◆ Task directions: Give the listing again character for character, but drop the images.

** Supplied material follows **

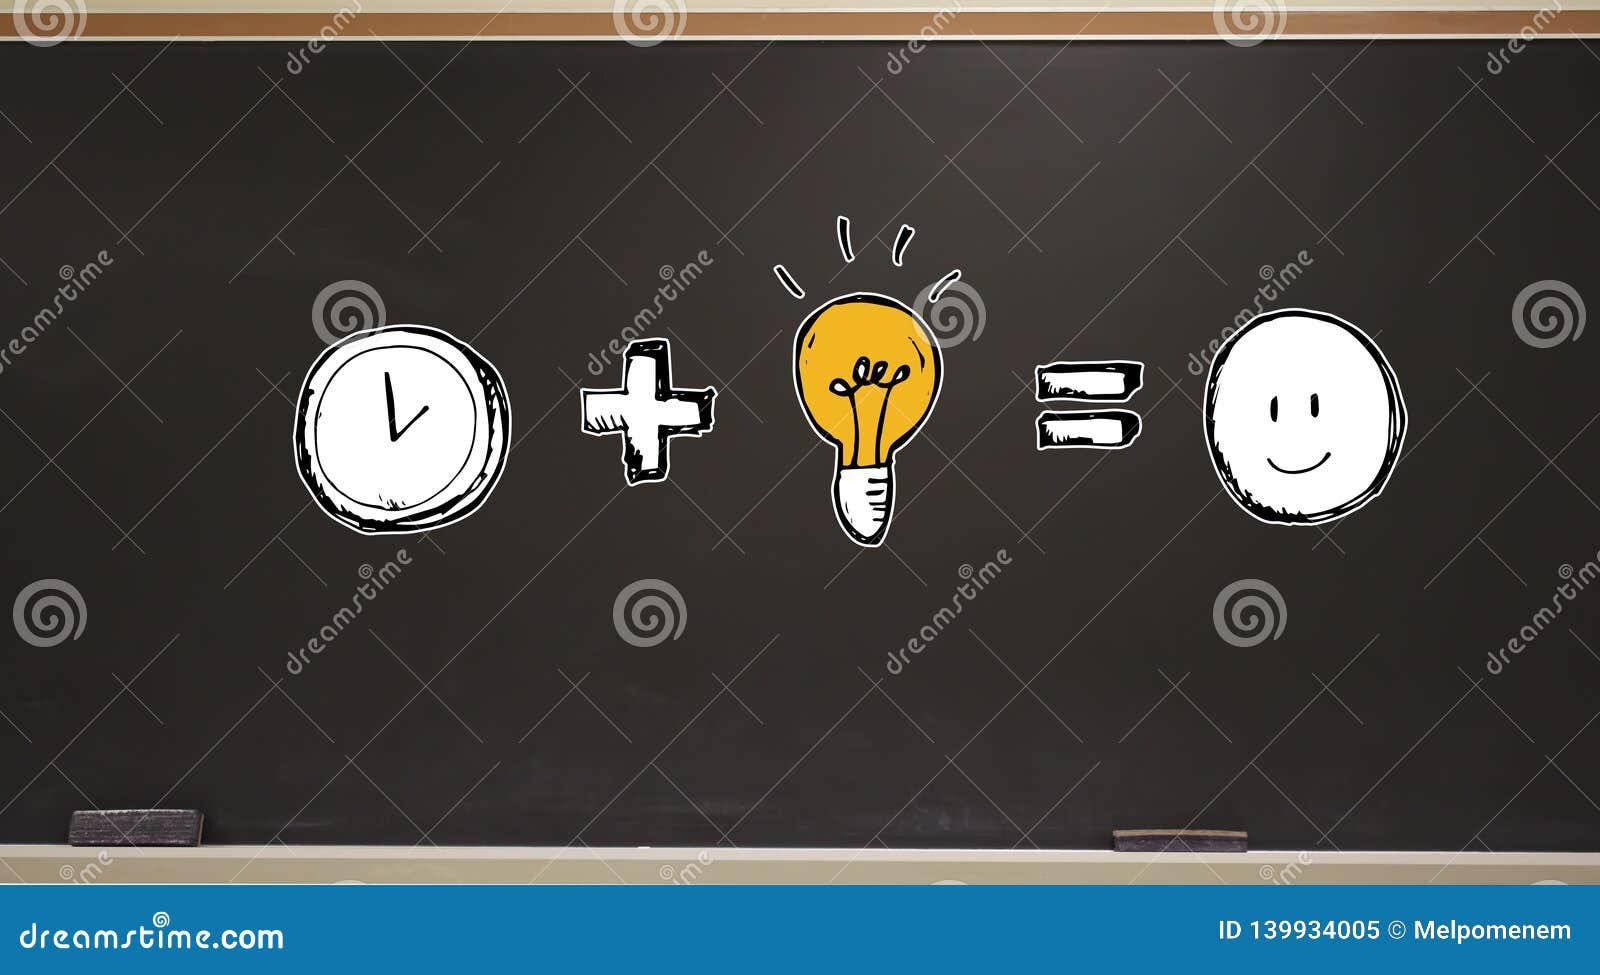 时间加上想法均等愉快在黑板
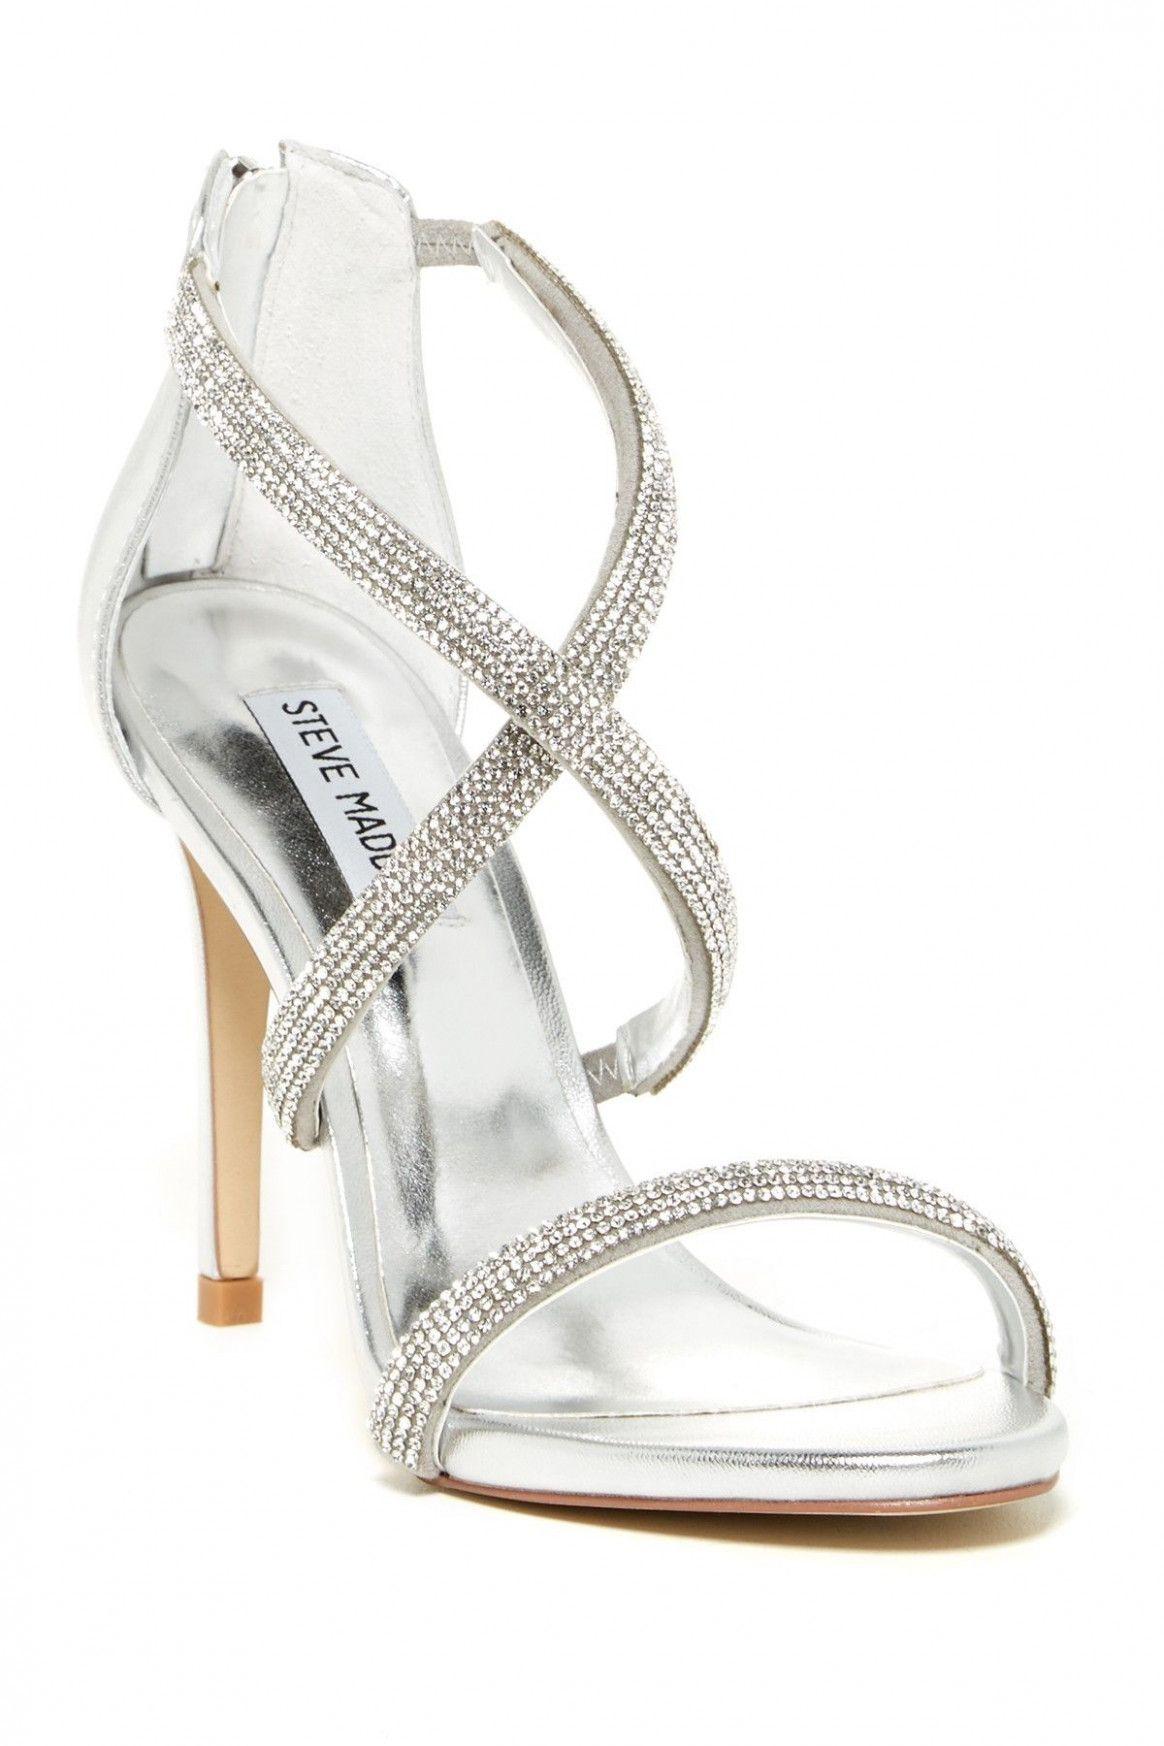 Detener considerado No puedo leer ni escribir  Wedding Shoes Silver Steve Madden | Silver wedding shoes, Wedding shoes  heels, Strappy wedding shoes
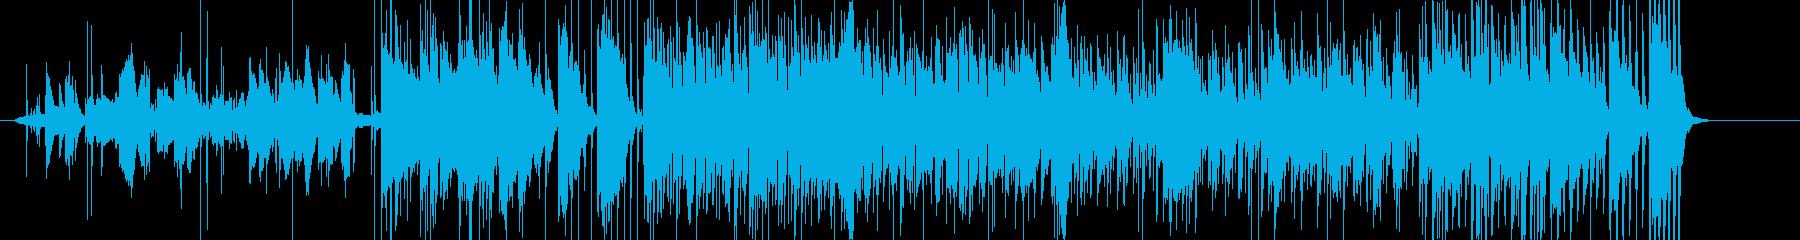 浮遊感のあるエモーショナルエレクトロニカの再生済みの波形

** End of Supplied material **

◆ Result:
 时间加上想法均等愉快在黑板
 Detener considerado No puedo leer ni escribir  Wedding Shoes Silver Steve Madden | Silver wedding shoes, Wedding shoes  heels, Strappy wedding shoes
 浮遊感のあるエモーショナルエレクトロニカの再生済みの波形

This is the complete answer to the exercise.